- WORK TO BE COMPLETED -
Type the listing below out again exactly. No images.

- SUPPLIED MATERIAL -
****************

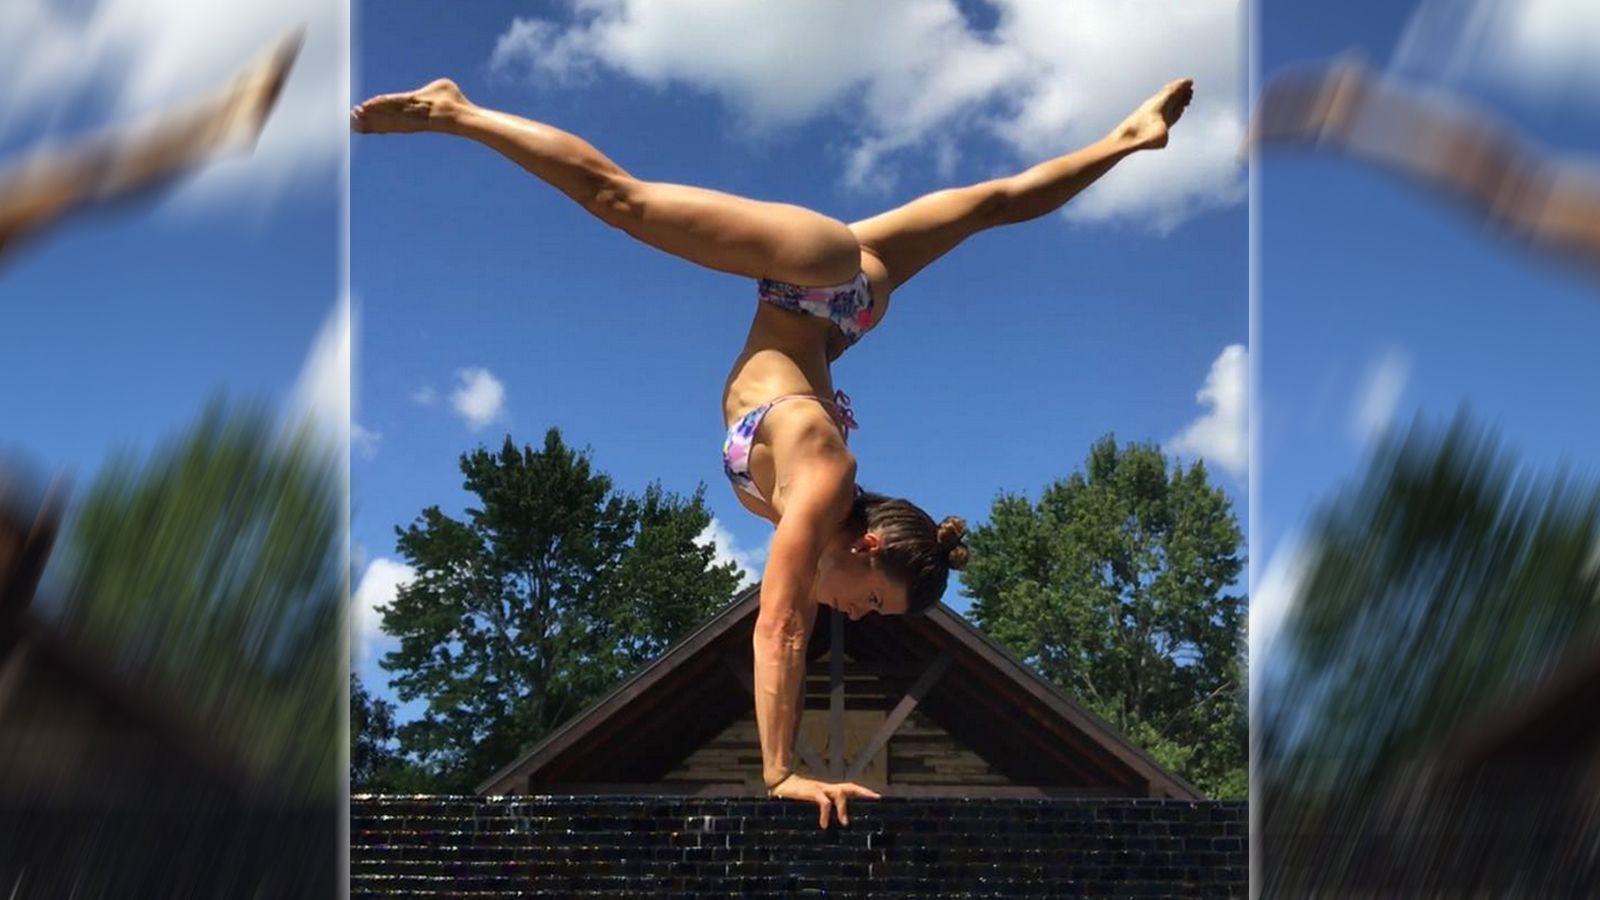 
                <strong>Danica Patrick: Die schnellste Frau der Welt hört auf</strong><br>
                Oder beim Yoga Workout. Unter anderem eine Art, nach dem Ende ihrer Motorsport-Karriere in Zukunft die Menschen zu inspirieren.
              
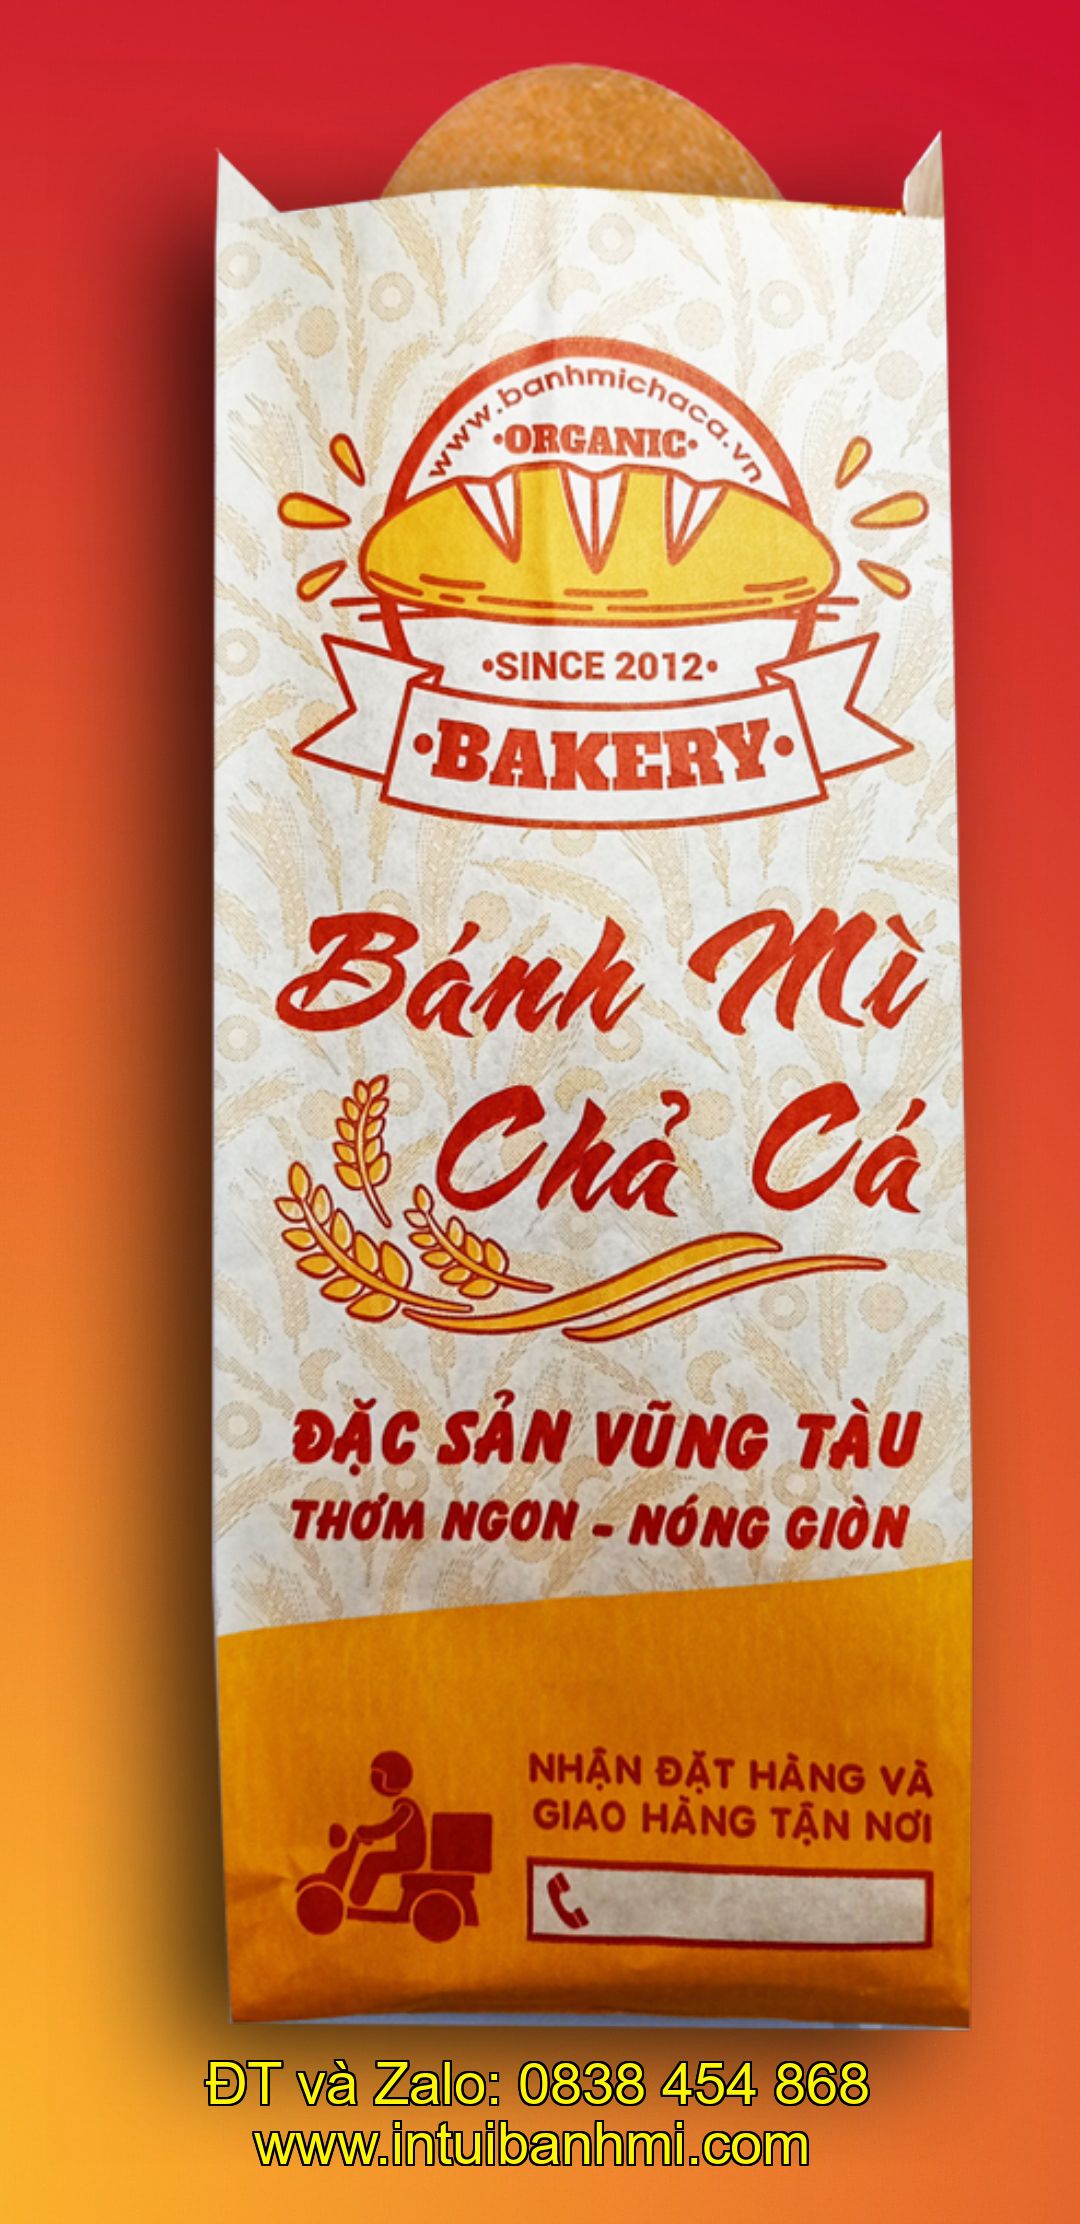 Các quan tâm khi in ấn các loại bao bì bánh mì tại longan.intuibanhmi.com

****************

- EXPECTED ANSWER -
                <strong>Danica Patrick: Die schnellste Frau der Welt hört auf</strong><br>
                Oder beim Yoga Workout. Unter anderem eine Art, nach dem Ende ihrer Motorsport-Karriere in Zukunft die Menschen zu inspirieren.
              
 Các quan tâm khi in ấn các loại bao bì bánh mì tại longan.intuibanhmi.com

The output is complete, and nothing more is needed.